Metabolomics - non-polar metabolites
Metabolomics is the comprehensive study of the metabolome, the complete set of metabolites within a biological system. Metabolomics provides a detailed snapshot of biochemical activity in cells, tissues, and fluids by identifying, quantifying, and analyzing these small molecules. Metabolites, which include compounds like amino acids, carbohydrates, and vitamins, are crucial for maintaining cellular function and homeostasis. Disruptions in their patterns can lead to diseases, making metabolomics essential for discovering biomarkers, understanding metabolic pathways, and exploring the effects of interventions on metabolic health. Human Metabolome Database lists over 220,000 metabolites, offering valuable insights into human health and disease.
Untargeted metabolomics
The reversed phase is ideal for separating and analyzing non-polar to moderately polar metabolites, such as lipids, fatty acids, certain amino acids, and hormones.
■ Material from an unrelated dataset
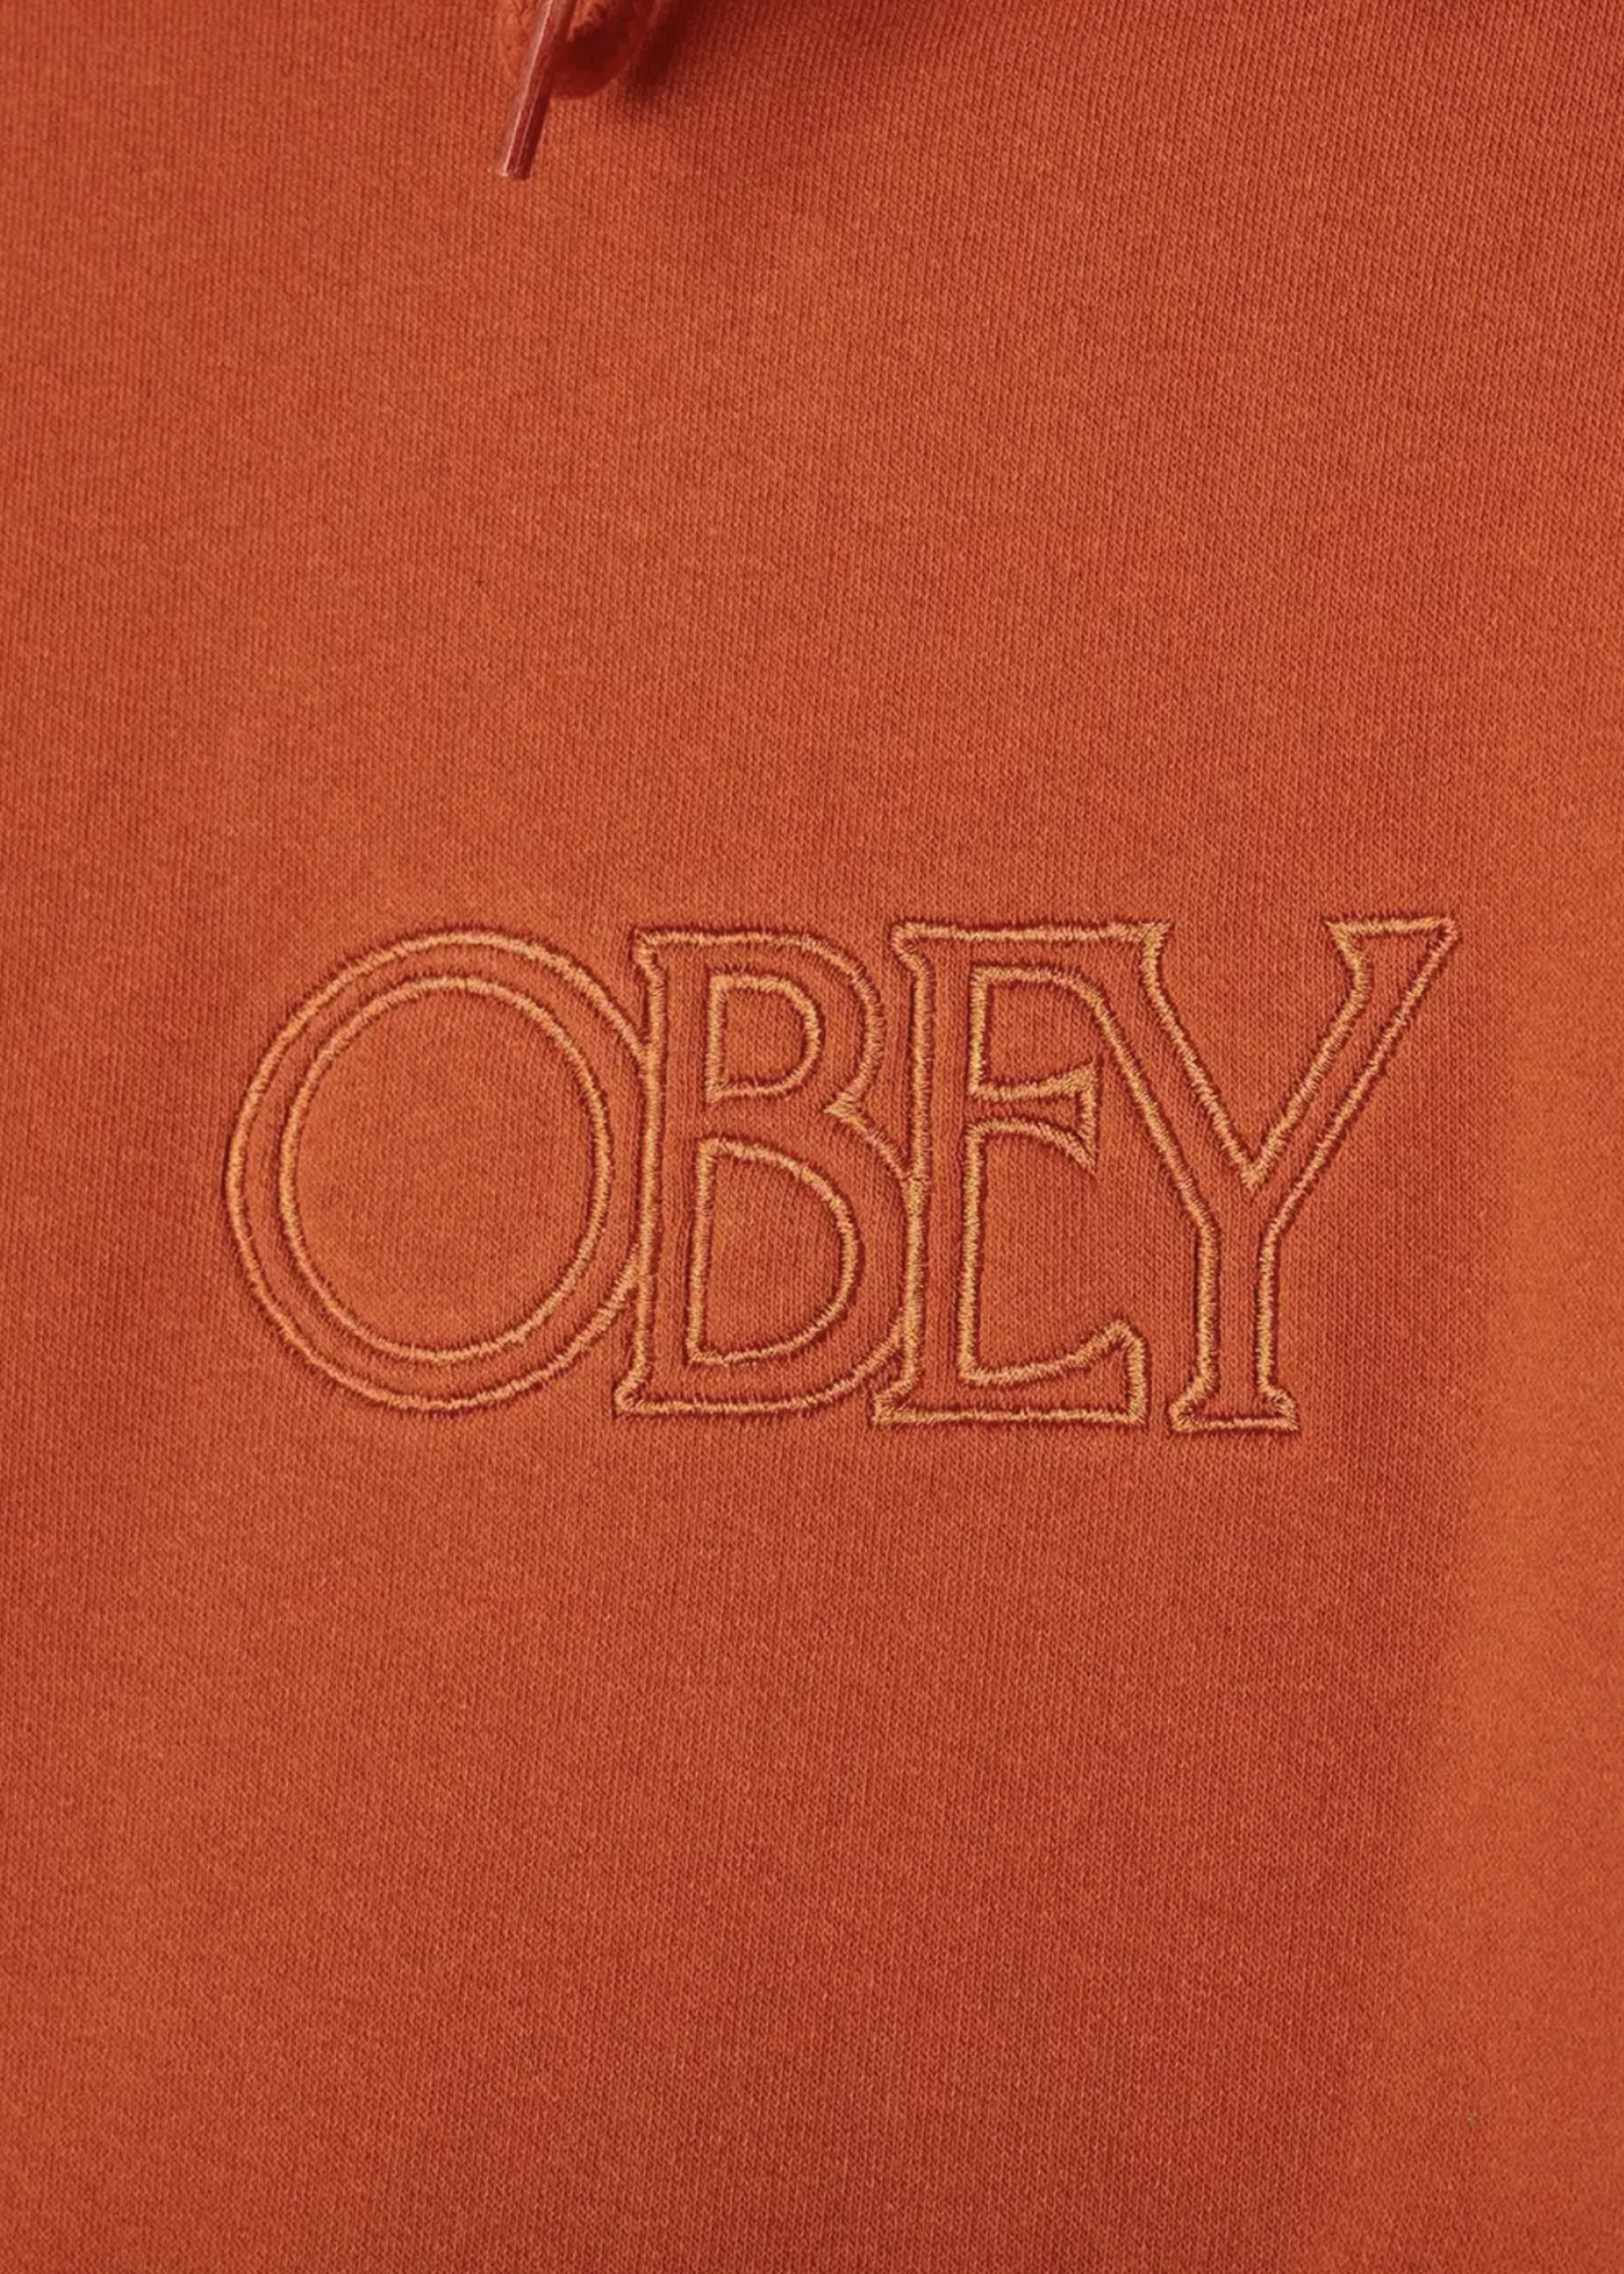 OBEY Obey / Regal Hood

We use ultrahigh-performance liquid chromatography (UPLC) in the separation mode of reversed-phase LC coupled with high-resolution (70,000 FWHM) Orbitrap mass spectrometry. Up to 10,000 metabolite features in typical biological samples (serum, plasma, CSF) are relatively quantified in positive detection mode. QC samples are injected throughout the analysis to monitor instrument stability (platform variability, retention time shift, and mass shift) and sample stability to ensure high-quality datasets. QC data is evaluated for each data set with multivariate statistics. Identification of metabolites is performed in silico and with a library of standard substances of >900 metabolites in stock.
Platform strengths
The assay has high reproducibility and compatibility with various metabolite classes, particularly non-polar compounds. The method provides relative quantitation of hydrophilic to lipophilic metabolites and lipids by untargeted metabolomics analysis combined with database searching and putative metabolite IDs based on accurate masses.
Metabolite identification
Tier 3 is provided as optional (upon request) by using accurately measured masses (errors ≤5 ppm) to query metabolome databases for preliminary metabolite assignments with putative identities. Tier 1 and Tier 2 are provided to identify and structurally confirm statistics relevant metabolite biomarkers by combining metabolome/lipidome database searching, LC-MS, and LC-MS/MS spectral matching and interpretation, with the aid of an in-house library consisting of >900 authentic metabolite compounds. Upon request, we can perform additional LC-MS and LC-MS/MS runs and acquire new standards (if available) to confirm the identity of novel metabolites that are not currently in our library.
Example data
Serum: In 120 samples, 8,404 metabolite and lipid features were found across all samples (allowing 10% missing values). In a set of 1,860 samples, 4,544 metabolite and lipid features were found across all samples (allowing 10% missing values).